Die inflationsbereinigte Rendite 30-jähriger Anleihen ist in diesem Jahr um rund 50 Basispunkte auf fast 3 Prozent gestiegen, ein Niveau, das zuletzt 2008 erreicht wurde. Der Druck auf den langfristigen US-Anleihenmarkt hält an, obwohl das Finanzministerium in den letzten Jahren verstärkt kurzfristige Schatzanweisungen verkauft und die Verkäufe langfristiger Anleihen konstant gehalten hat. Das könnte sich ändern, da Wall-Street-Händler erwarten, dass das US-Finanzministerium ab Mai 2027 die Auktionsvolumina für zwei- bis dreissigjährige Kuponanleihen erhöhen wird.

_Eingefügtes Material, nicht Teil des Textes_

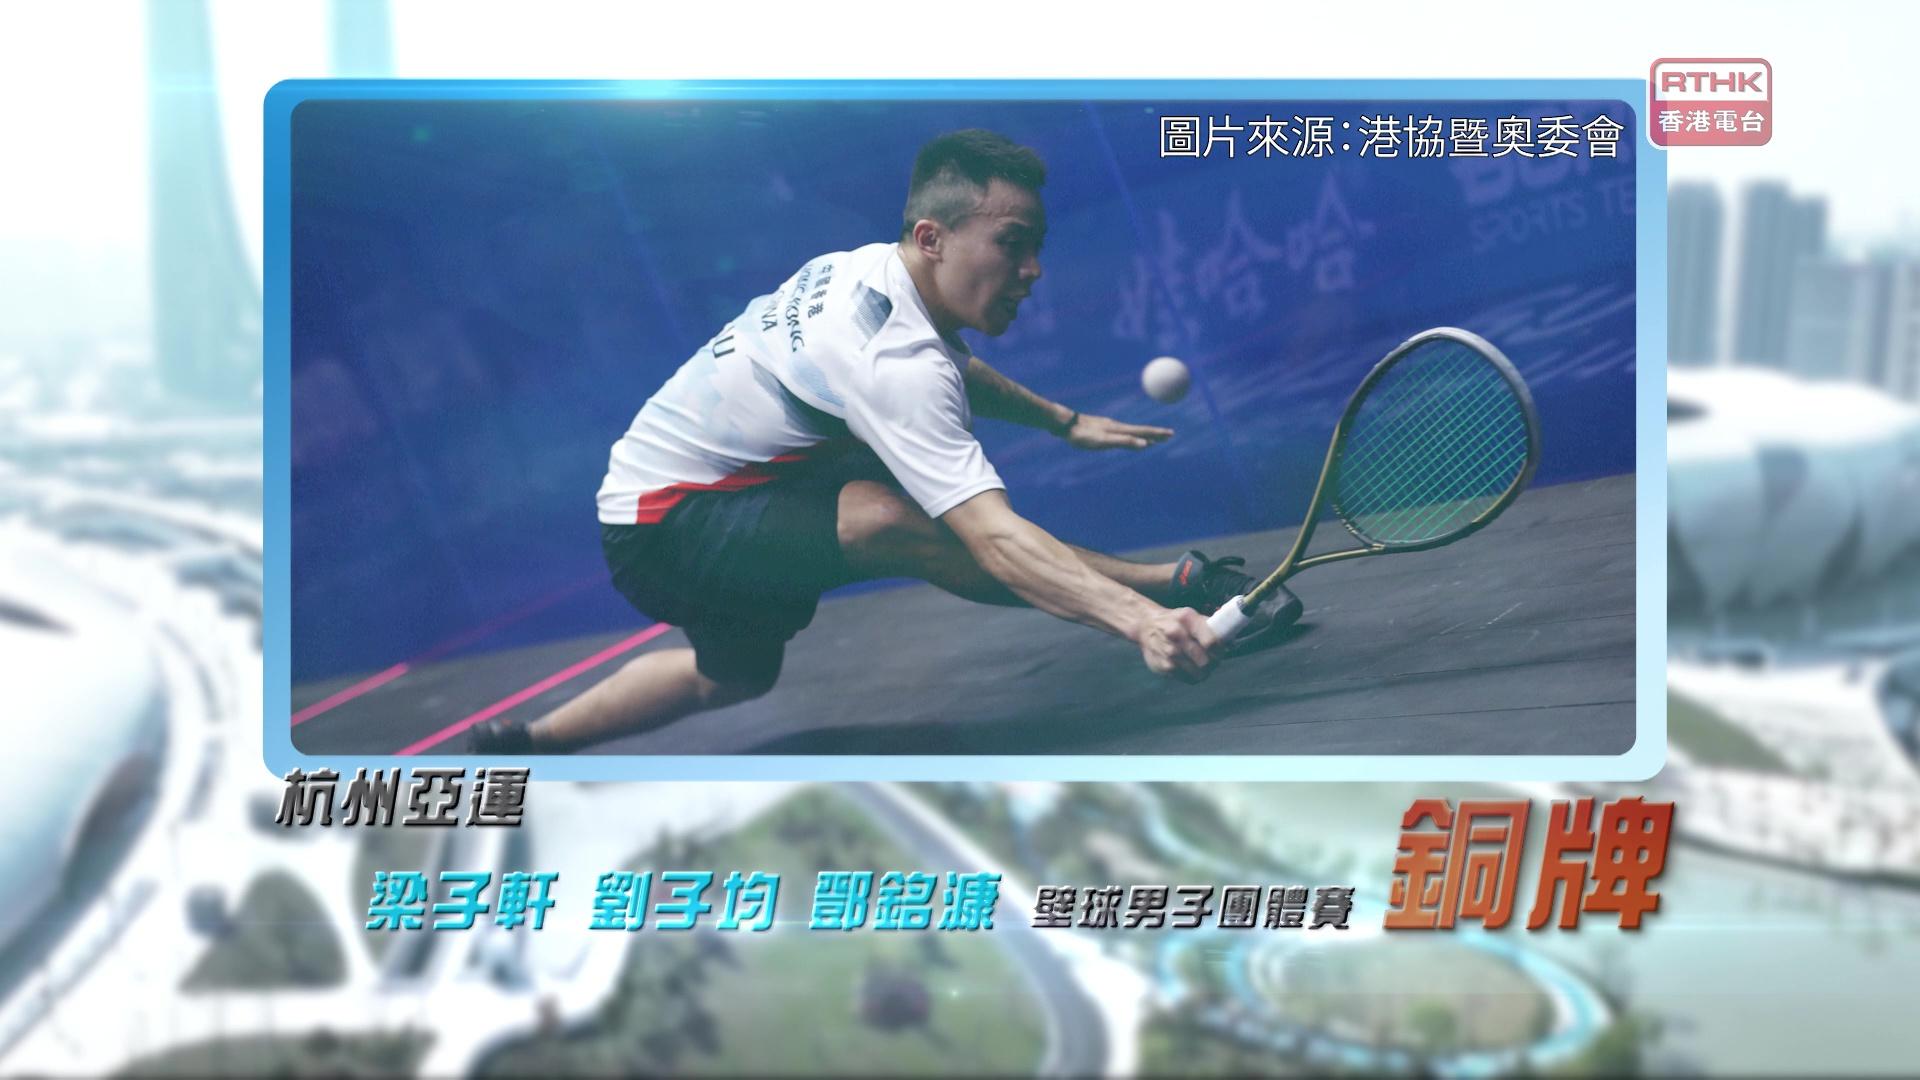 恭喜梁子轩、刘子均、邓铭漮于杭州亚运壁球男子团体赛取得铜牌！

«Das Haushaltsdefizit, die ausstehenden Schulden und das Potenzial für zukünftige Erhöhungen der Anleiheauktionen sind allesamt wichtige Faktoren bei der Bewertung des hinteren Endes der Zinskurve», sagte Kevin Flanagan, Leiter der Anlagestrategie bei WisdomTree. Im Gegensatz dazu haben sich die Renditen kürzer laufender Benchmark-Anleihen von zwei- bis zehnjährigen Anleihen erst wieder dem Niveau von Anfang 2025 angenähert, obwohl der Anleihemarkt nun von Zinssenkungen der Fed auf Zinserhöhungen im Laufe dieses Jahres umgeschwenkt ist.